Task instructions> Return the listing in full and exactly, but without a single picture.

Data extract>
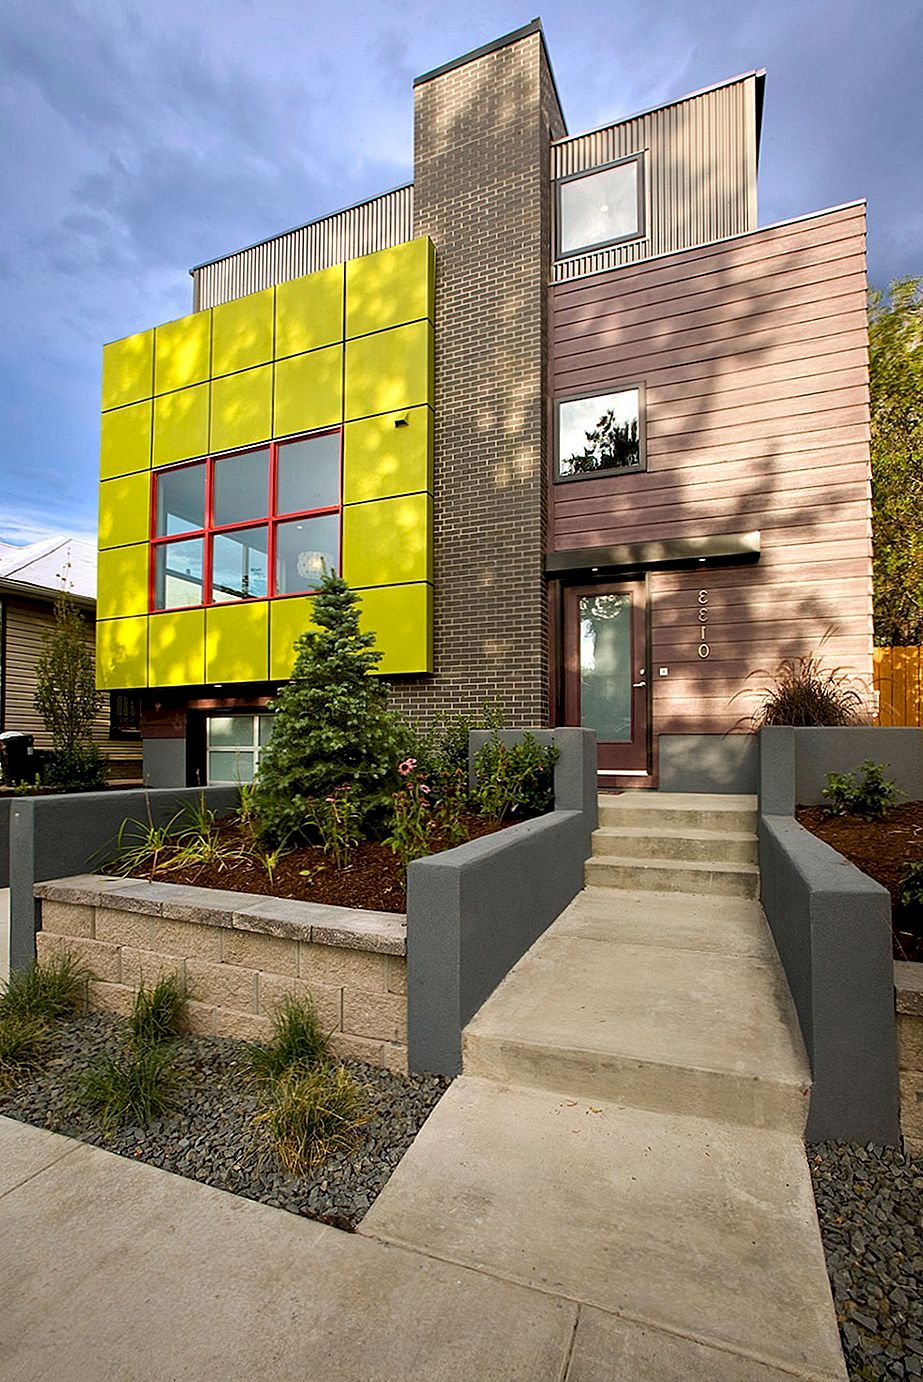 Impresivna ekološka kuća u Denveru, Colorado s jakim arhitektonskim oblicima
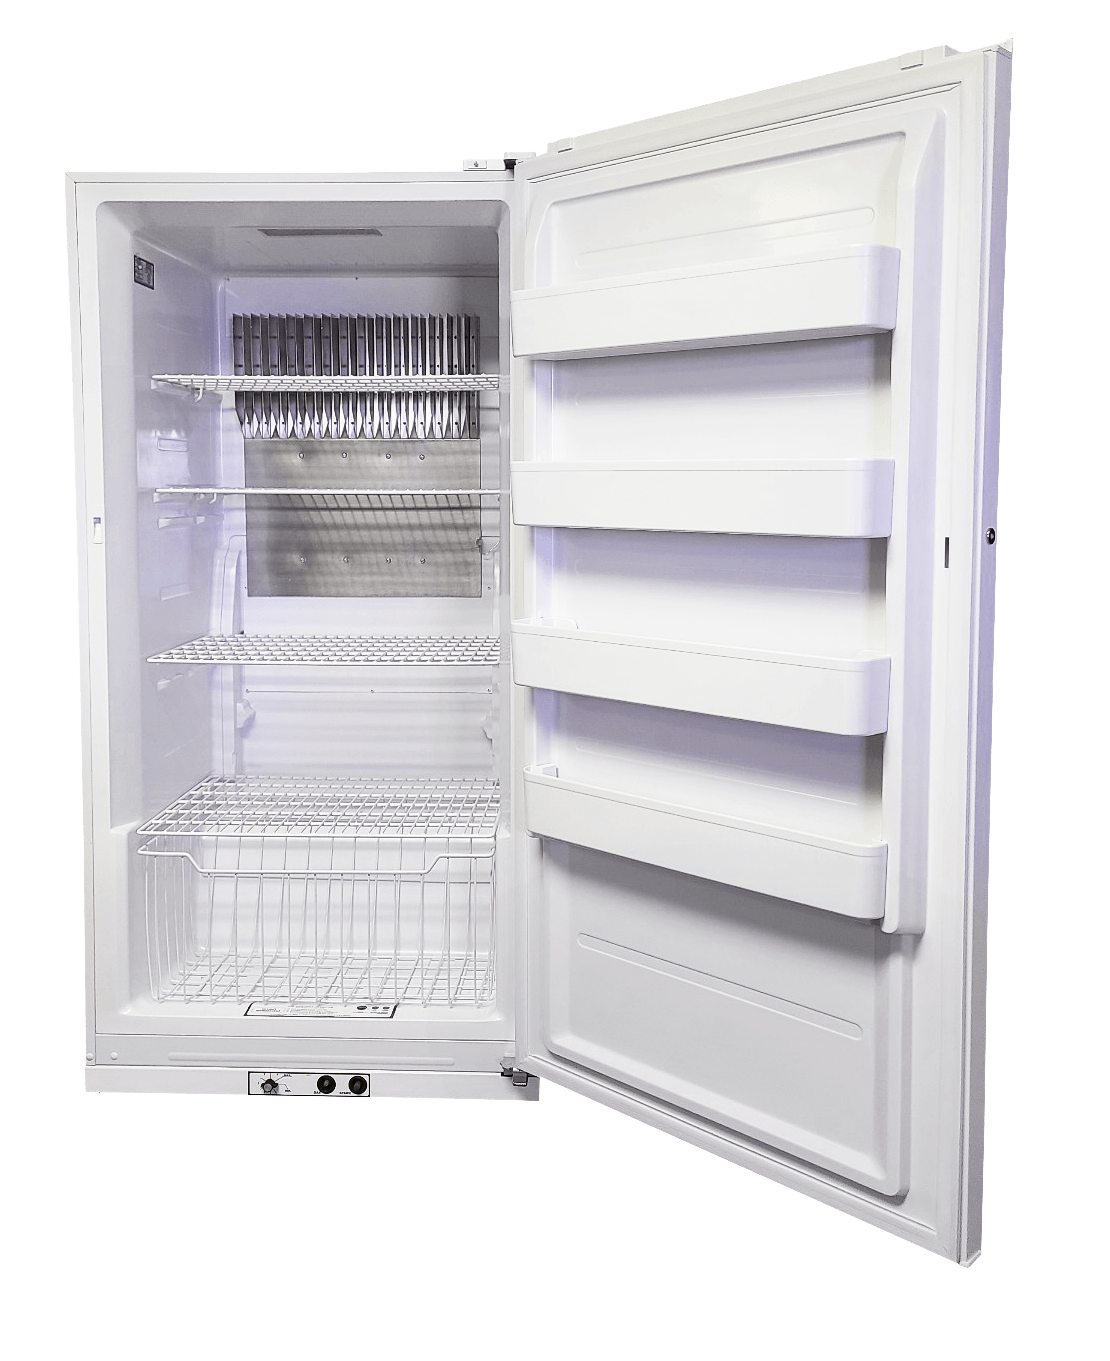 EZ Freeze Propane Refrigerator EZ Freeze EZ-18R 18 cu. ft. Propane All-Refrigerator (No Freezer Section) in White
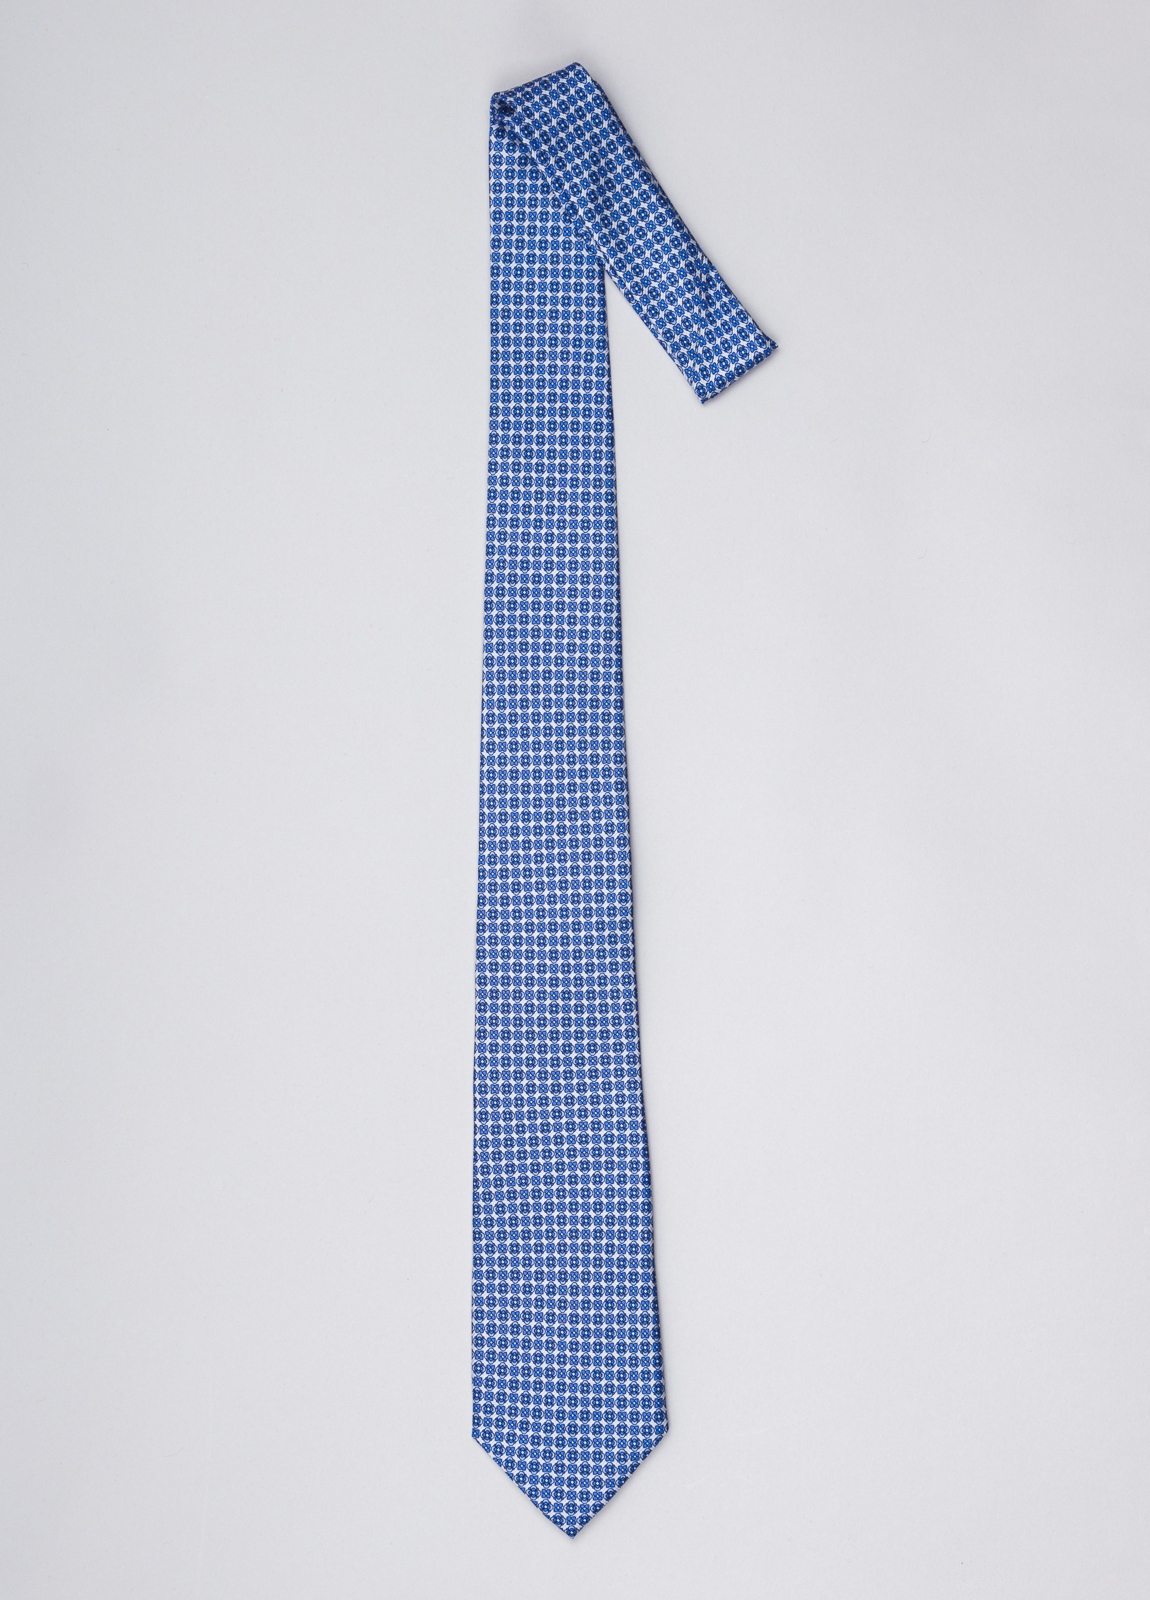 Corbata FUREST COLECCIÓN color azul con dibujo geométrico blanco - Ítem1

Solution below>
 Impresivna ekološka kuća u Denveru, Colorado s jakim arhitektonskim oblicima
 EZ Freeze Propane Refrigerator EZ Freeze EZ-18R 18 cu. ft. Propane All-Refrigerator (No Freezer Section) in White
 Corbata FUREST COLECCIÓN color azul con dibujo geométrico blanco - Ítem1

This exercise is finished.